→ Given information
· · · ·

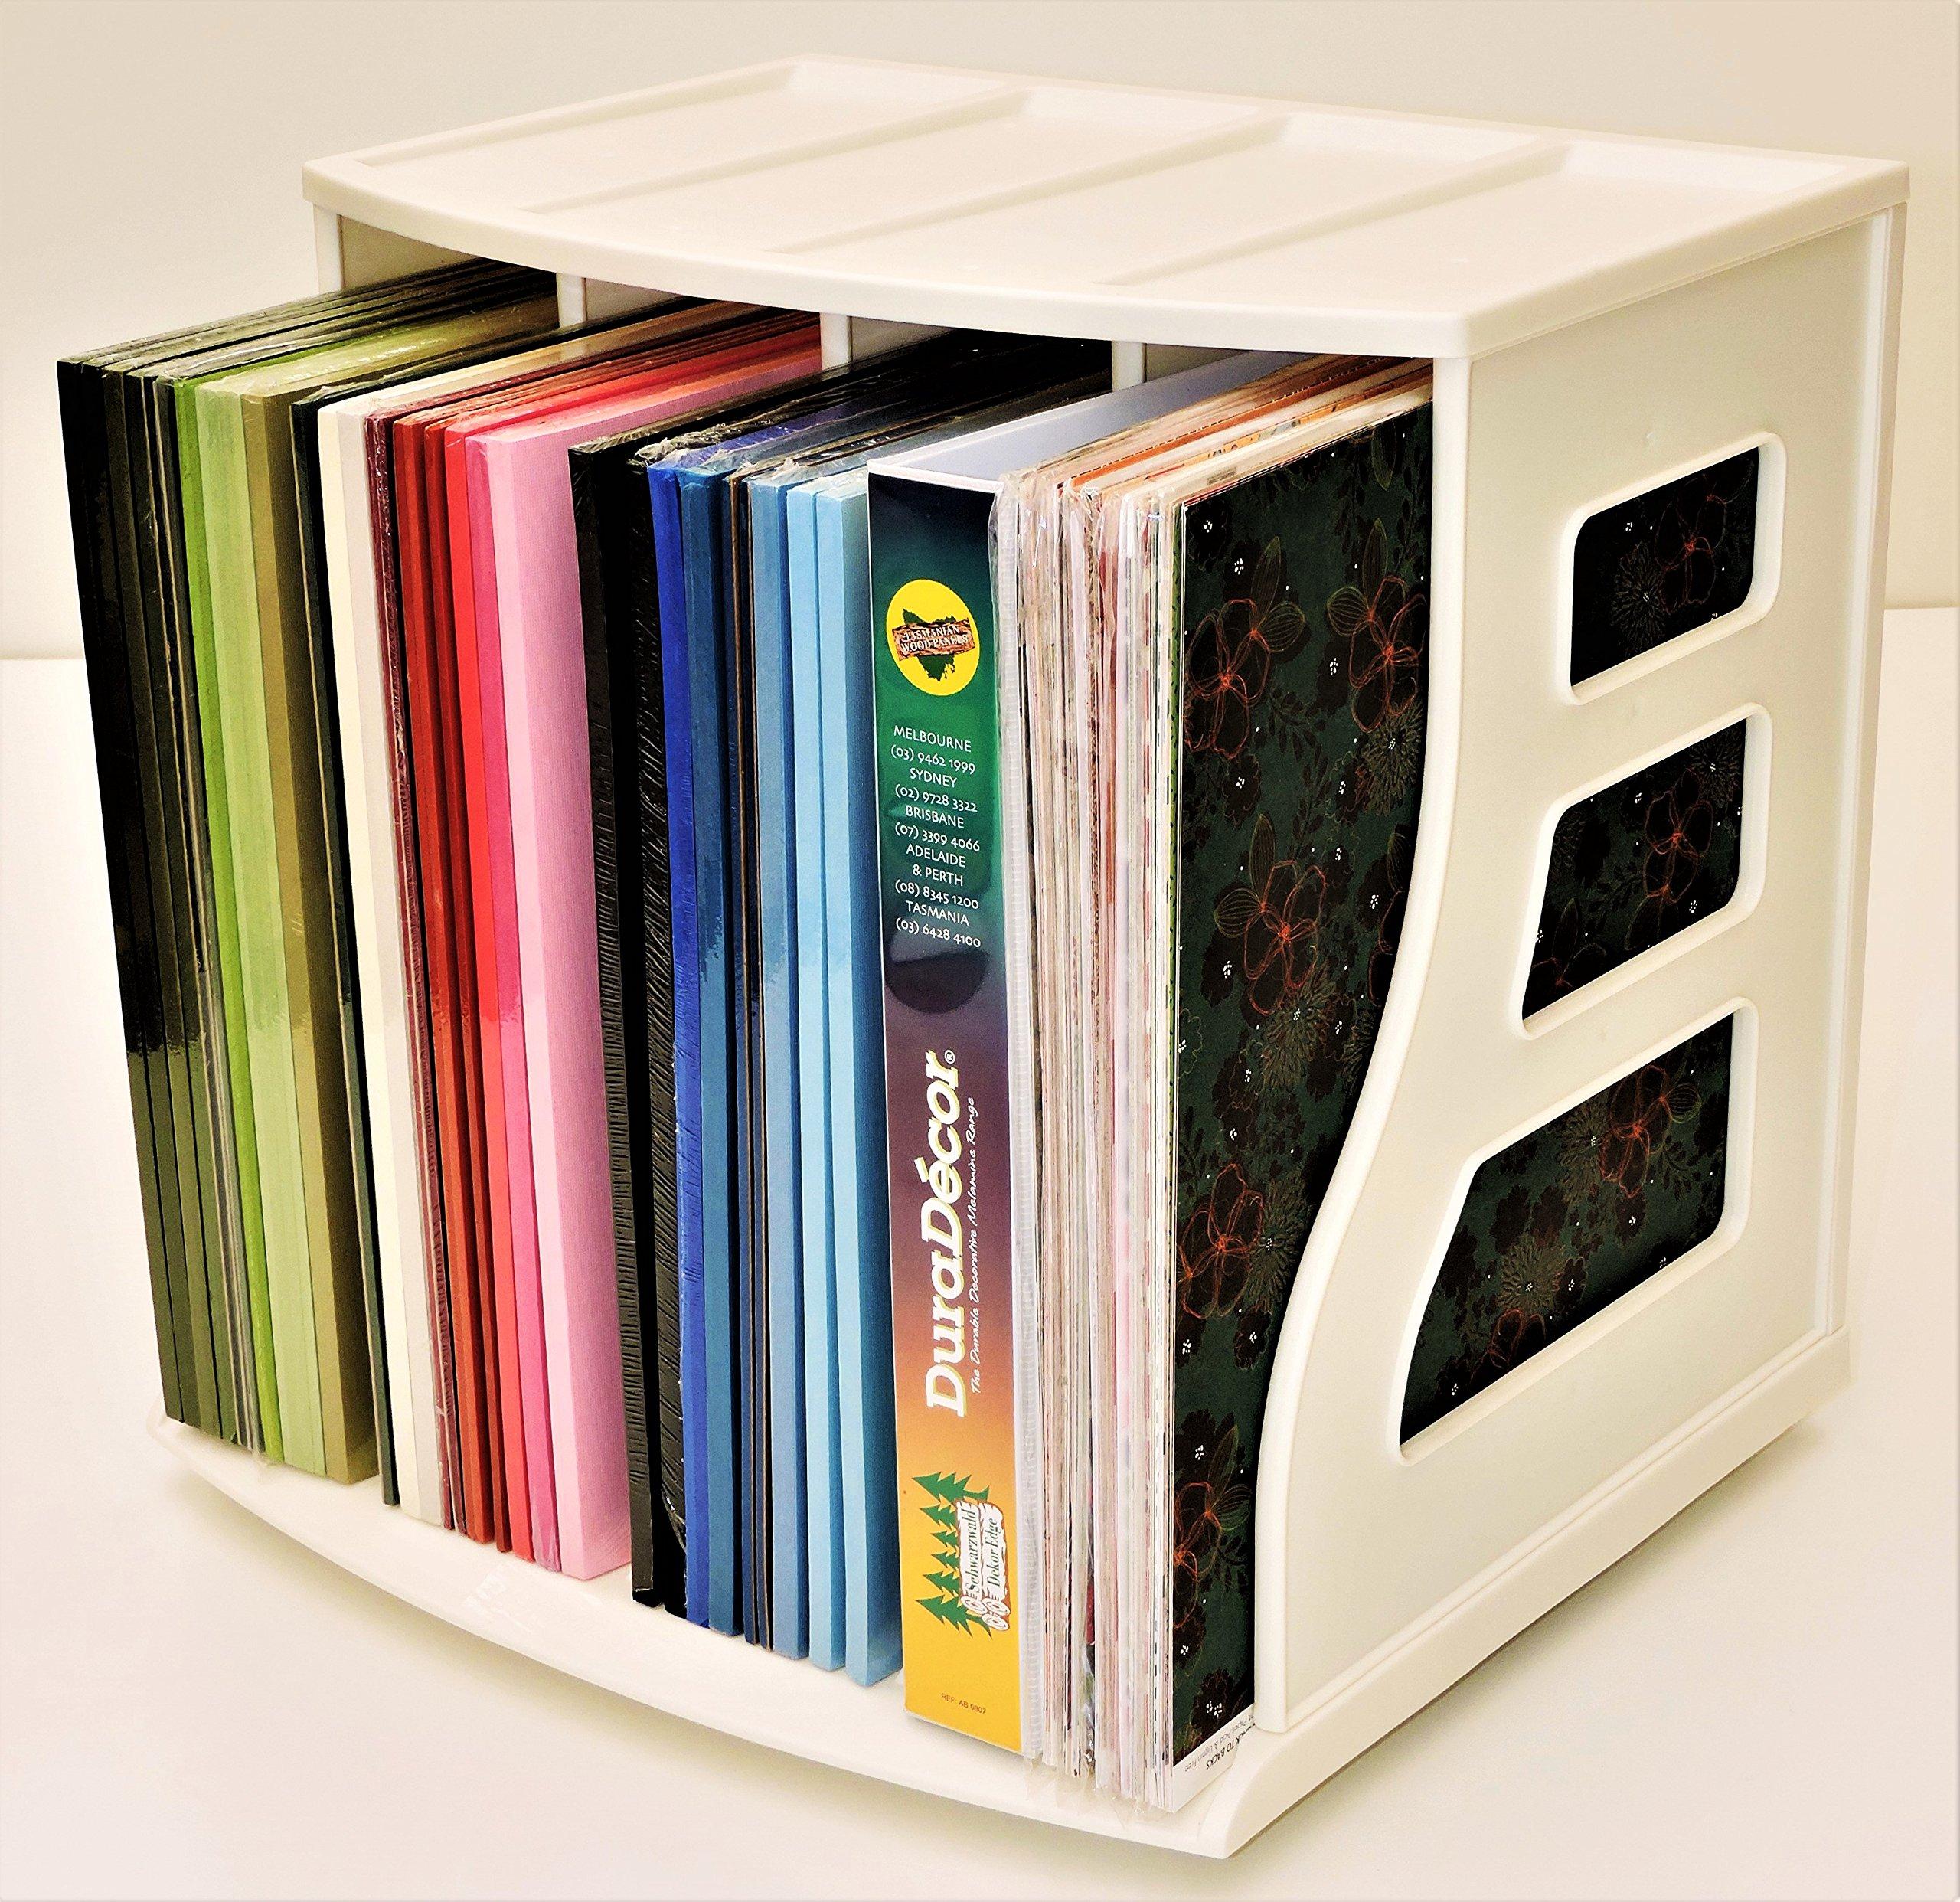 r vinyl storageconsole for comments shelf ikea console setupikea record eket storage
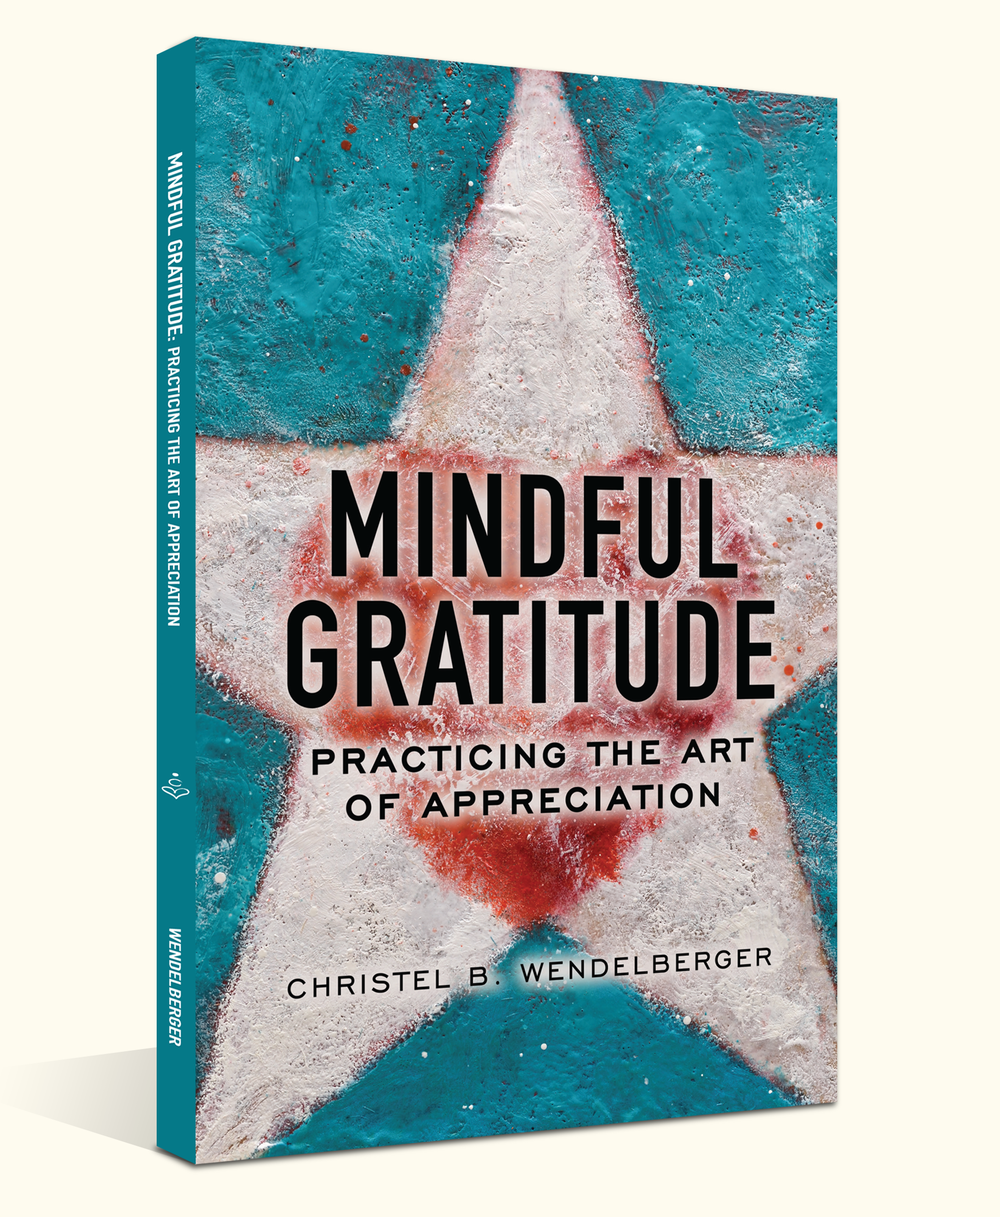 MindfulGratitude_Book_Mockup_WEB.png
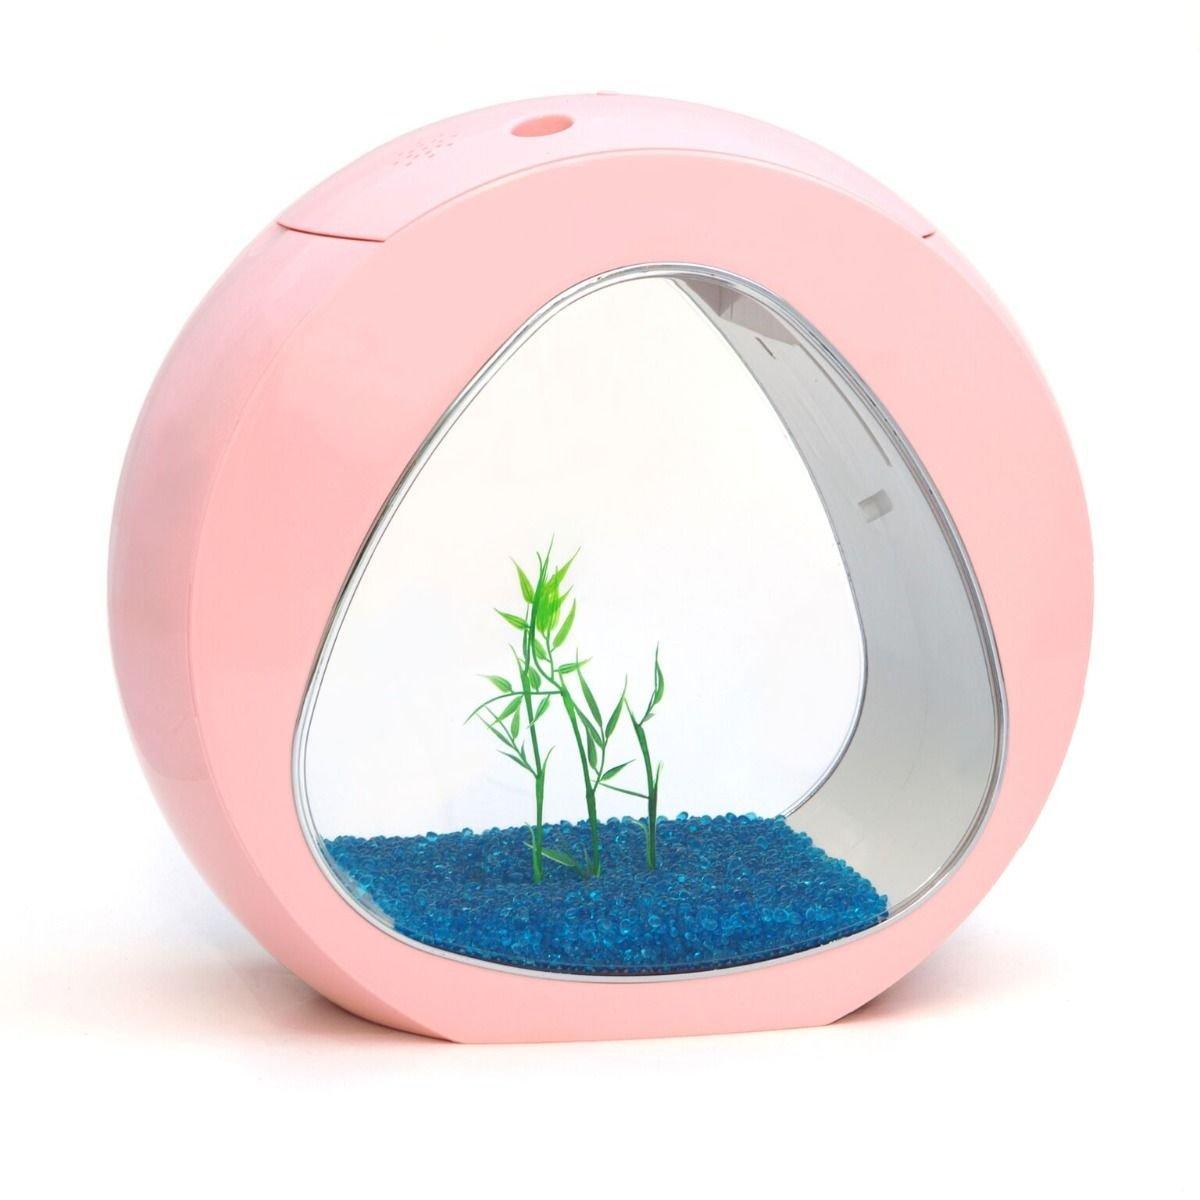 sun sun Kit Acuario diseño Circular 6 litros Rosa: Amazon.es: Productos para mascotas

· · · ·

→ Work instruction
Could you transcribe all of the data exactly and omit the pictures?

→ Answer space
 r vinyl storageconsole for comments shelf ikea console setupikea record eket storage
 MindfulGratitude_Book_Mockup_WEB.png
 sun sun Kit Acuario diseño Circular 6 litros Rosa: Amazon.es: Productos para mascotas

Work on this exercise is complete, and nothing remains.